The SmartStore architecture:
- Soups: Collections (analogous to database tables) in SmartStore. Each soup stores JSON objects that can be indexed and queried via SmartSQL.
- SmartSync: The sync manager that fetches records from Salesforce via the REST API and stores them in SmartStore. It tracks dirty (modified) records locally and syncs them back to Salesforce when online.
- Conflict resolution: SmartSync detects when a local modification conflicts with a server-side change. The default policy is server-wins; custom policies can implement merge logic.
// SmartStore Soup registration (iOS Swift)
func registerSoups() {
let soupSpec = SoupSpec(name: "accounts",
features: [.externalStorage])
let indexSpec = [
IndexSpec(path: "Id", type: .string),
IndexSpec(path: "Name", type: .fullText),
IndexSpec(path: "LastModifiedDate", type: .string)
]
store.registerSoup(soupSpec, withIndexSpecs: indexSpec,
error: nil)
}
// Syncing from Salesforce
let target = SoqlSyncDownTarget.newSyncTarget(
"SELECT Id, Name, Phone FROM Account LIMIT 10000")
let options = SyncOptions.newSyncOptions(
forSyncDown: MergeMode.leaveIfChanged)
SyncManager.sharedInstance()?.syncDown(
target: target, options: options, soupName: "accounts",
update: { state in
if state?.isDone() == true {
print("Sync complete: \(state!.totalSize) records")
}
}
)Authentication: Connected App and OAuth Flow
Mobile SDK apps authenticate via a Connected App in Salesforce, using the OAuth 2.0 User Agent flow or the OAuth 2.0 Web Server flow (for server-side code). The SDK handles the token management lifecycle:
- Redirect to the Salesforce login page (or Identity Provider) on first launch
- Exchange the OAuth code for an access token and refresh token
- Store the refresh token securely in the device Keychain (iOS) or Keystore (Android)

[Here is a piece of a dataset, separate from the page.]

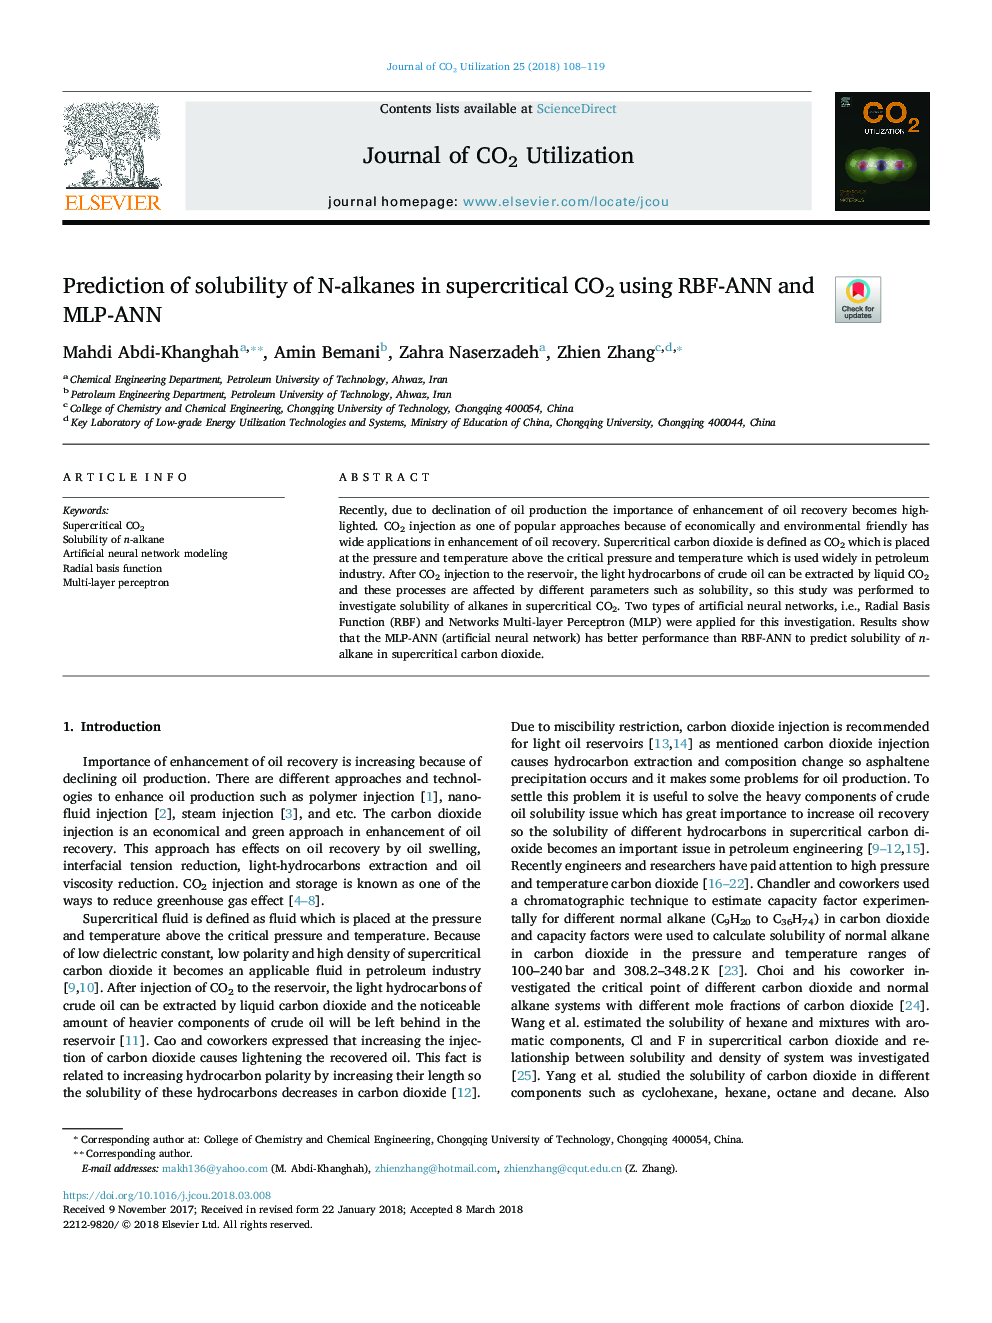 Prediction of solubility of N-alkanes in supercritical CO2 using RBF-ANN and MLP-ANN

- Automatically refresh the access token when it expires without user intervention
For customer-facing apps, consider using Salesforce's External Identity licence (formerly Community licence) rather than full Salesforce licences. External Identity is significantly cheaper for high-volume consumer apps.
When Native SDK Is Justified
Build with the Mobile SDK when at least two of these conditions are present:
- Custom brand experience: The mobile app needs to look nothing like Salesforce — matching your product's visual identity is critical
- Offline-first requirement: Field workers, logistics operators, or others who work in locations with unreliable connectivity
- Device hardware access: Camera (photo capture, QR scanning), GPS (location tracking), biometrics (secure sign-in), push notifications with custom payload handling
- Customer-facing distribution: The app is published to the App Store / Play Store for external users who should not interact with Salesforce's standard interface
- Performance-critical UX: The use case requires snappy native performance that web-based UI cannot match (real-time inventory scanning, high-frequency data entry)
Key Takeaways
- The standard Salesforce Mobile App covers 90% of internal CRM mobile use cases at zero development cost.
- The Mobile SDK is justified for custom-branded apps, offline-first requirements, device hardware access, and customer-facing distribution.
- SmartStore provides encrypted on-device storage (AES-256); SmartSync handles bidirectional sync with conflict detection.
- Device passcode enforcement is required for SDK apps with sensitive data — no passcode weakens SmartStore encryption.
- External Identity licences are significantly cheaper than full Salesforce licences for customer-facing SDK apps.
- Always prototype with the standard mobile app first before committing to SDK development.
Check Your Understanding
1. A field service team works in underground facilities with no connectivity. They need to create work orders and capture photos offline, syncing when they return to connectivity. Which mobile approach is required?
2. What encryption standard does SmartStore use to protect on-device data?
3. A company wants to build a customer-facing mobile app for 500,000 consumers. They plan to license each consumer as a full Salesforce user. What should the architect recommend instead?